▶ [ASSIGNMENT]
Write the listing below out again word for word, without a single picture.

▶ [EXERCISE DATA]

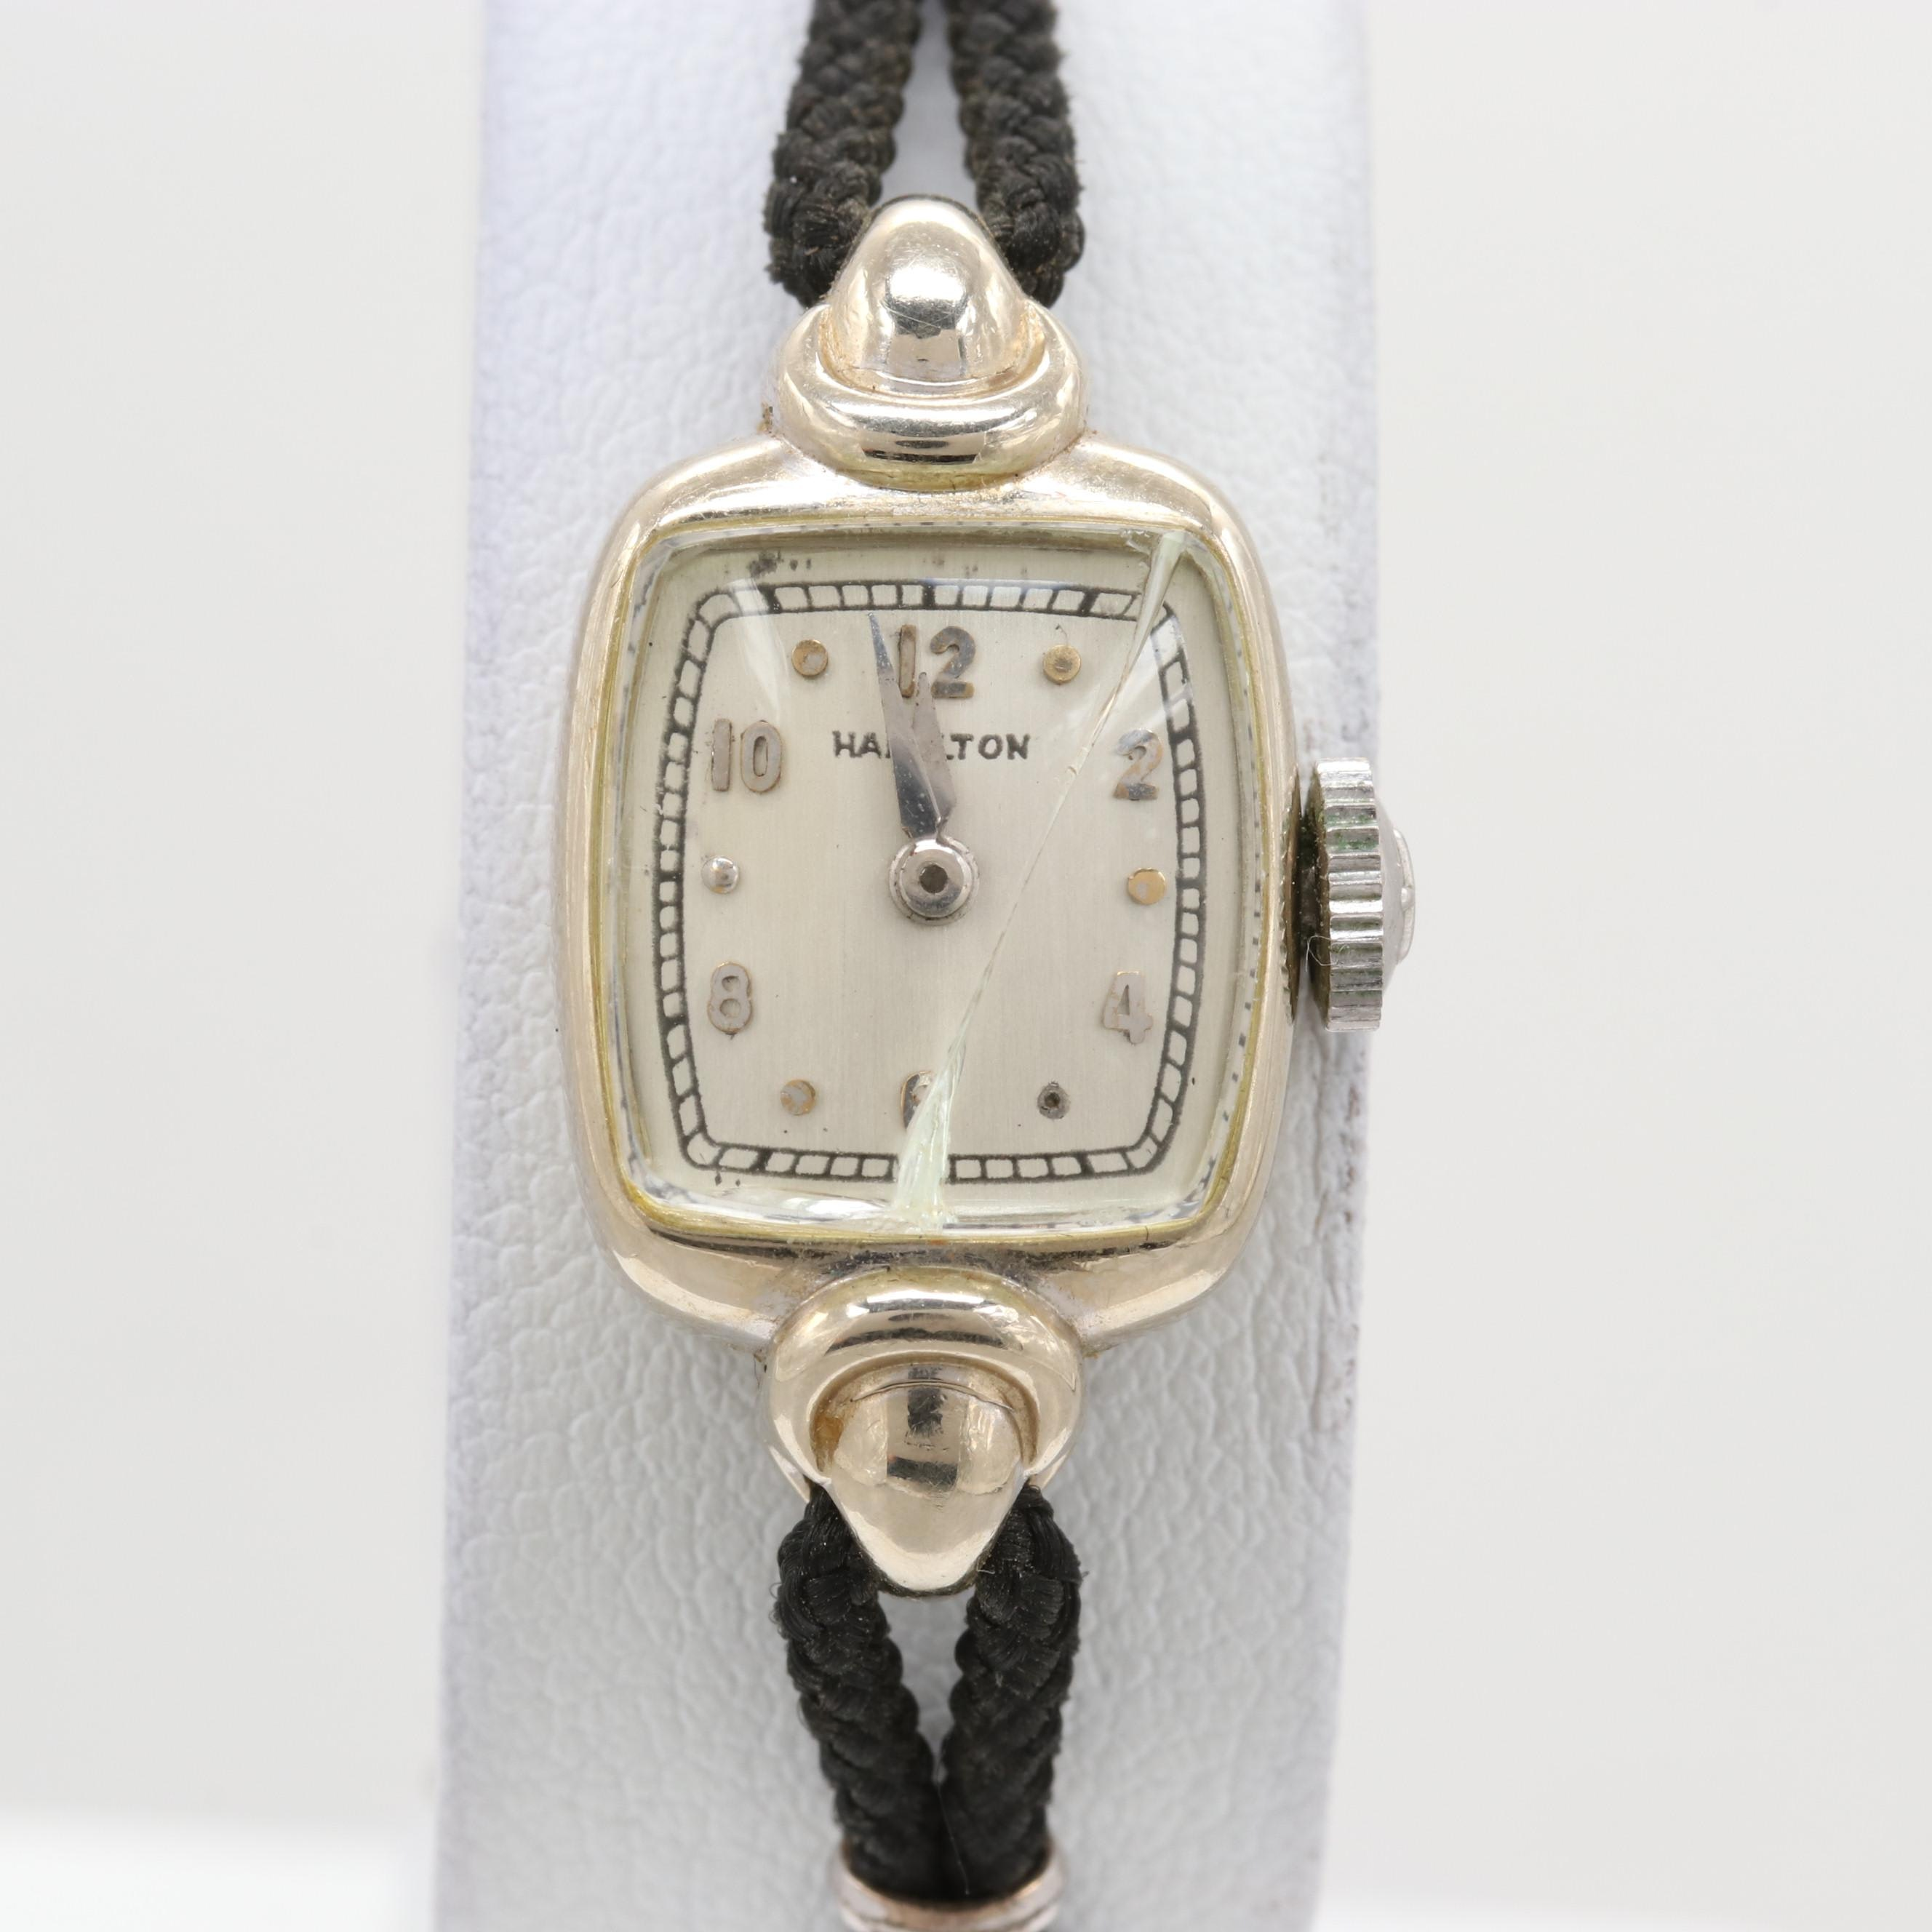 Vintage Hamilton Jessica 14K White Gold Stem Wind Wristwatch
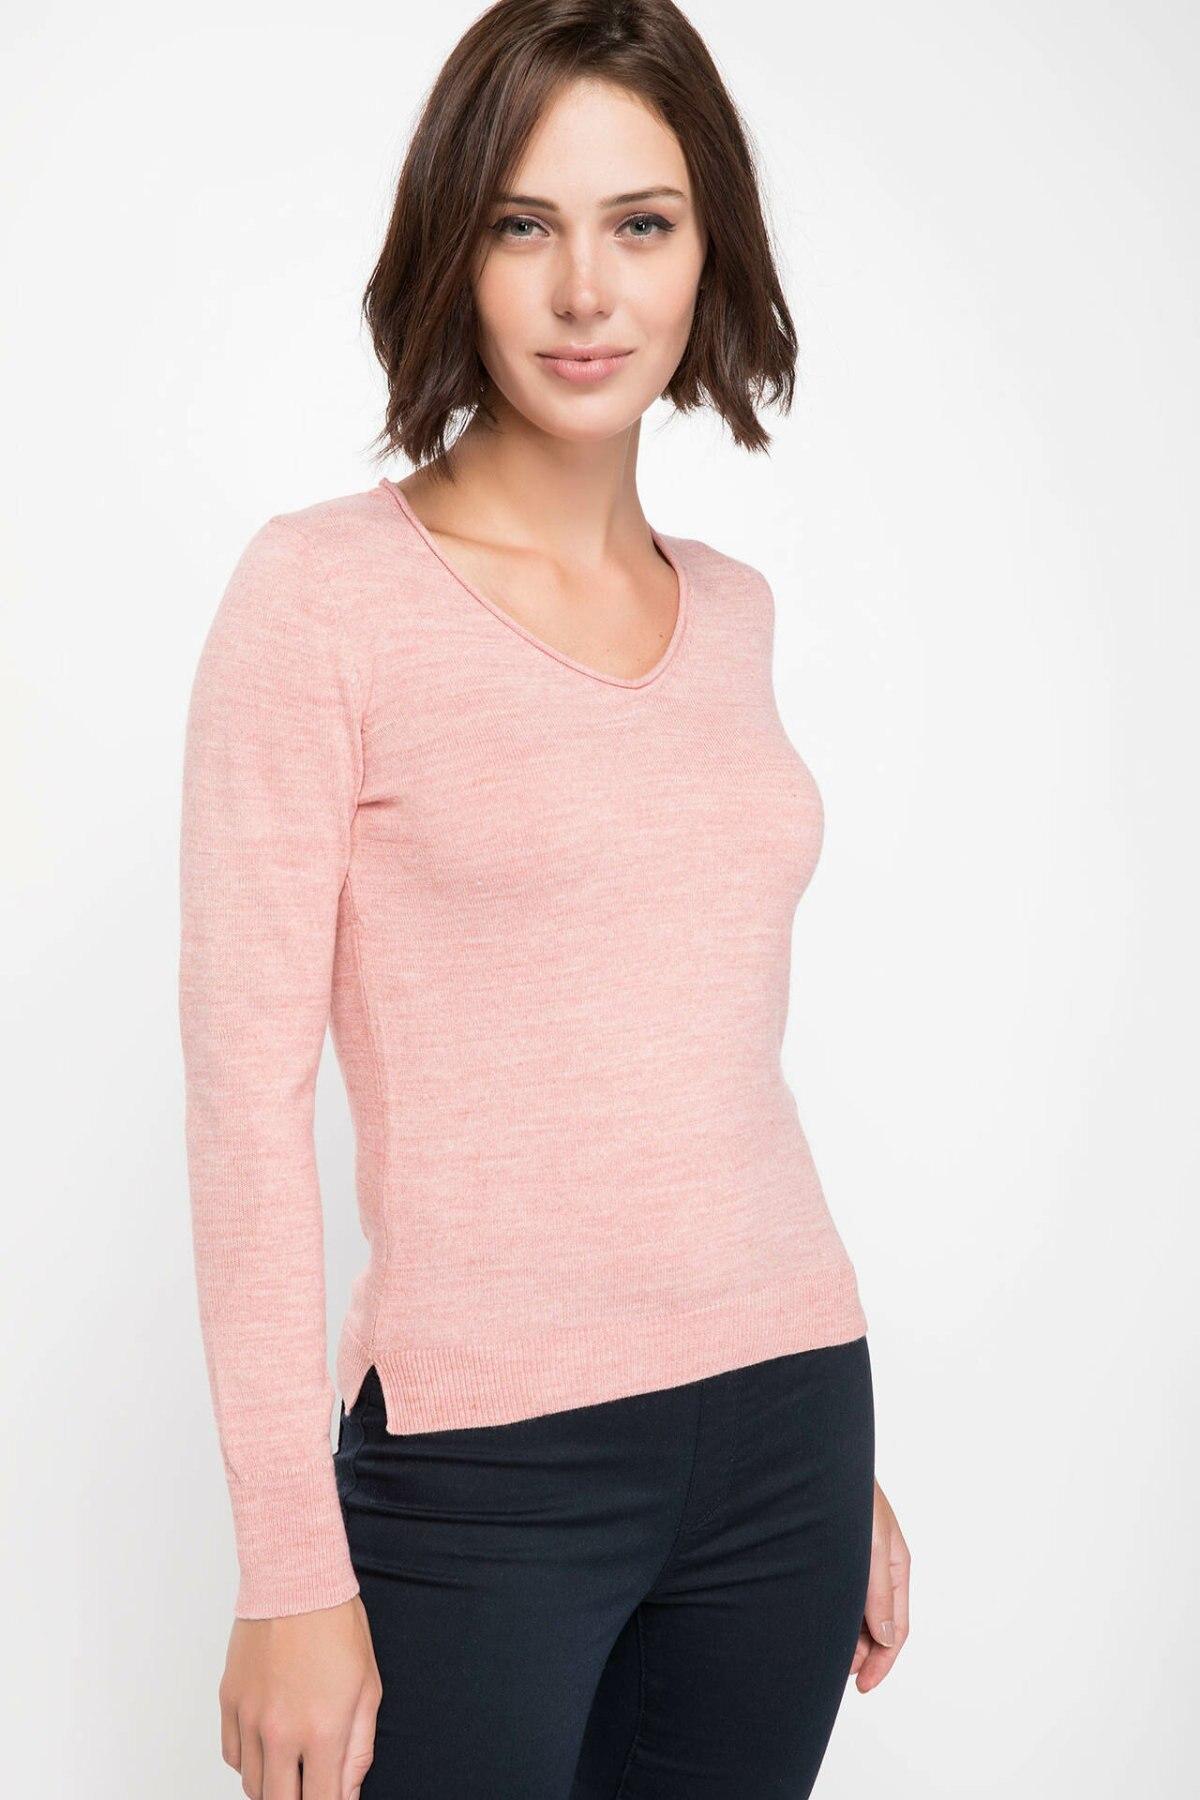 DeFacto Women Fashion V-neck Solid Knitted Warm Comfort Casual Knitted Sweatshirt Female New-F6797AZ18AU-F6797AZ18AU
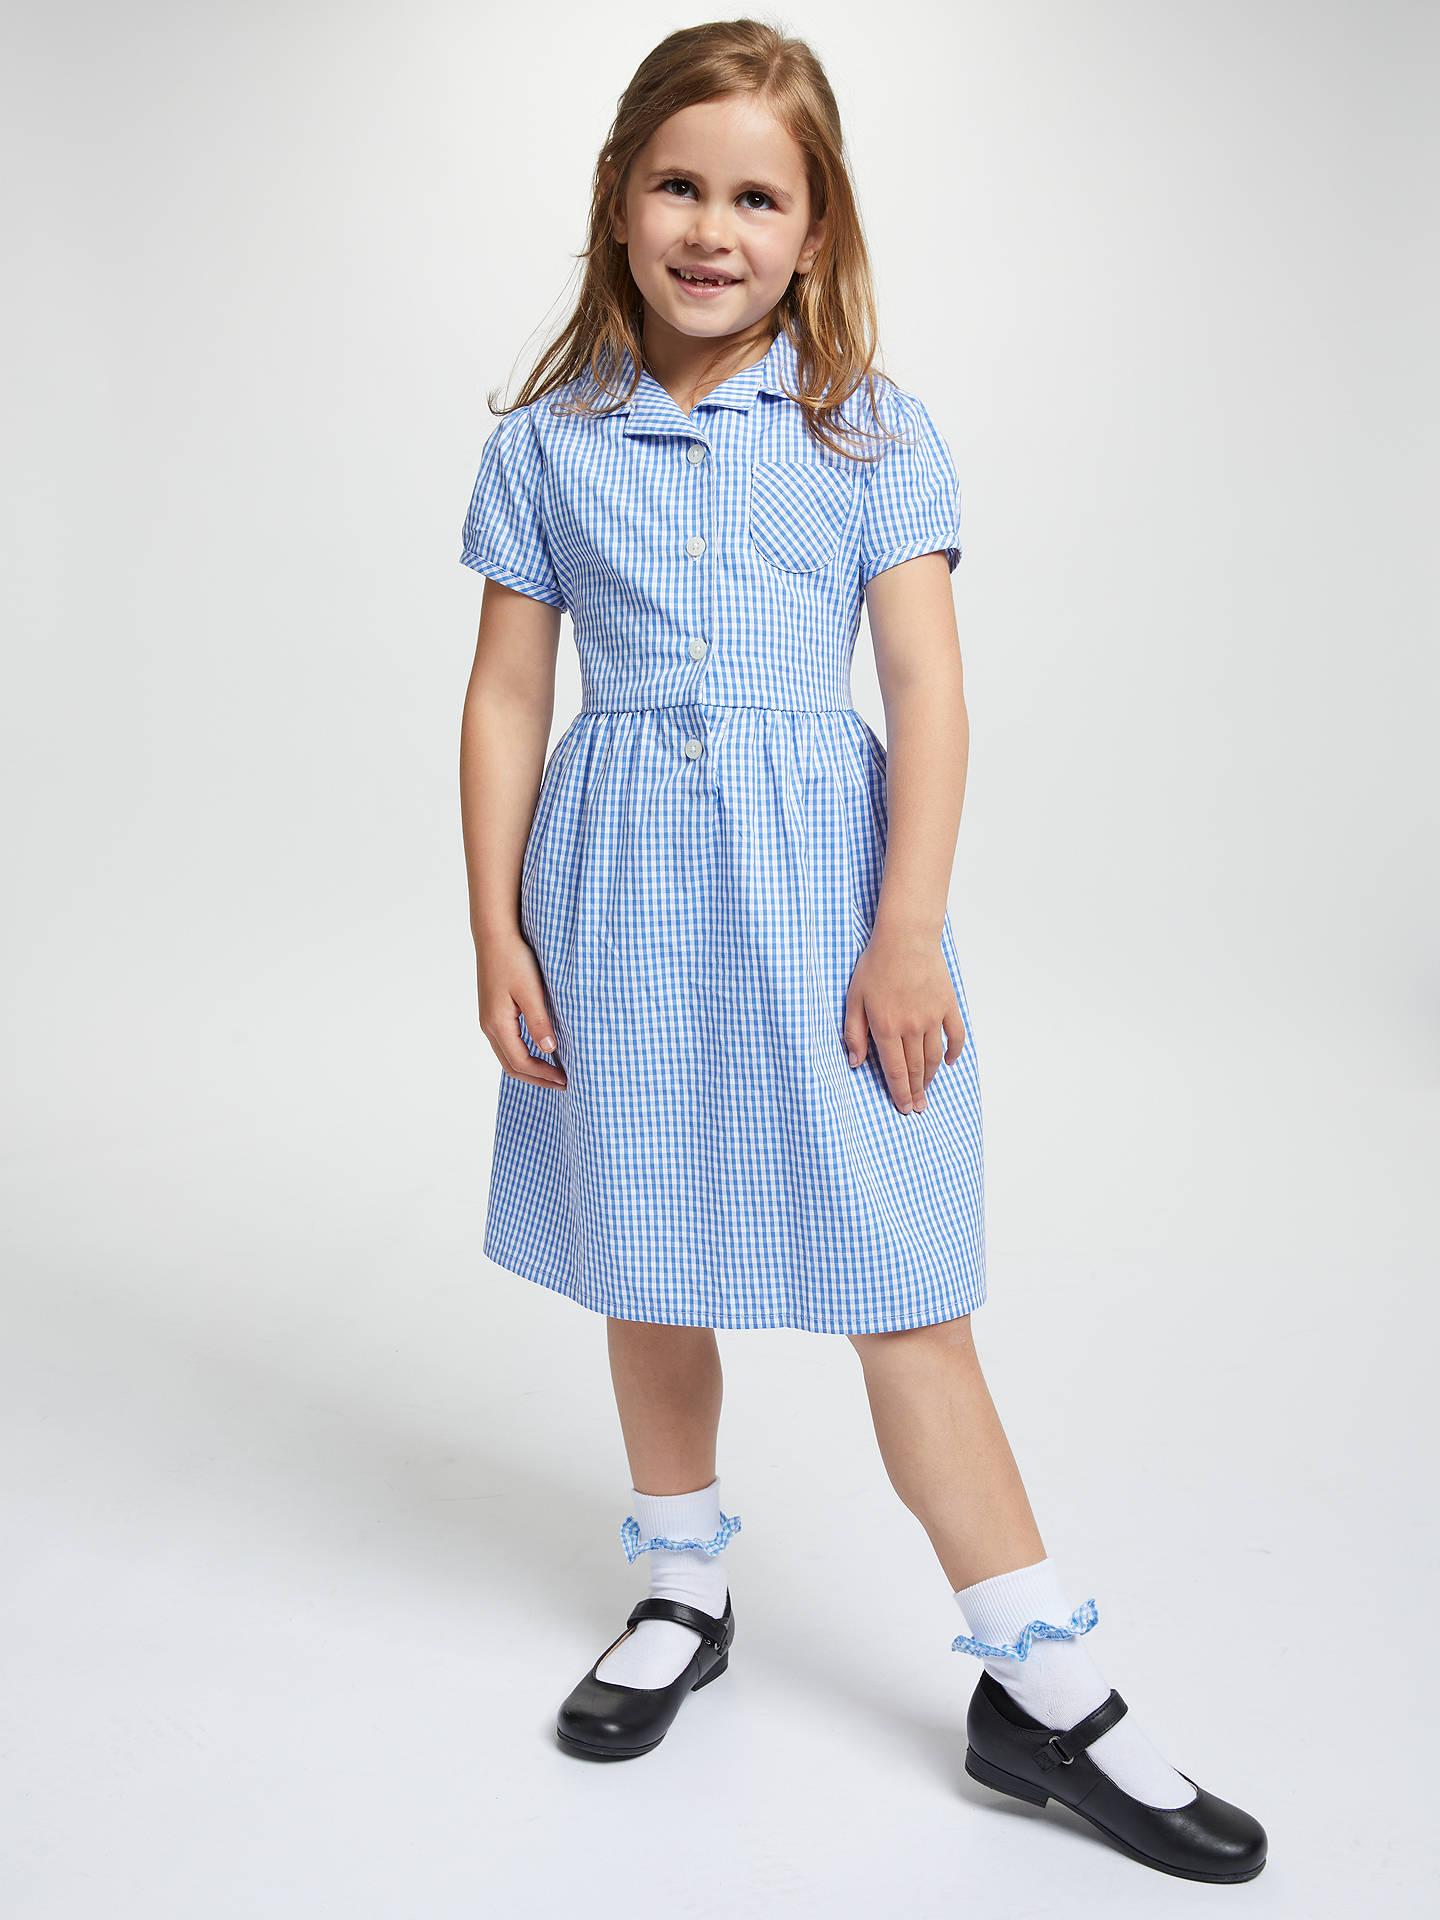 girl summer uniform school gingham summer skirt

▶ [EXERCISE SOLUTION]
 Vintage Hamilton Jessica 14K White Gold Stem Wind Wristwatch
 DeFacto Women Fashion V-neck Solid Knitted Warm Comfort Casual Knitted Sweatshirt Female New-F6797AZ18AU-F6797AZ18AU
 girl summer uniform school gingham summer skirt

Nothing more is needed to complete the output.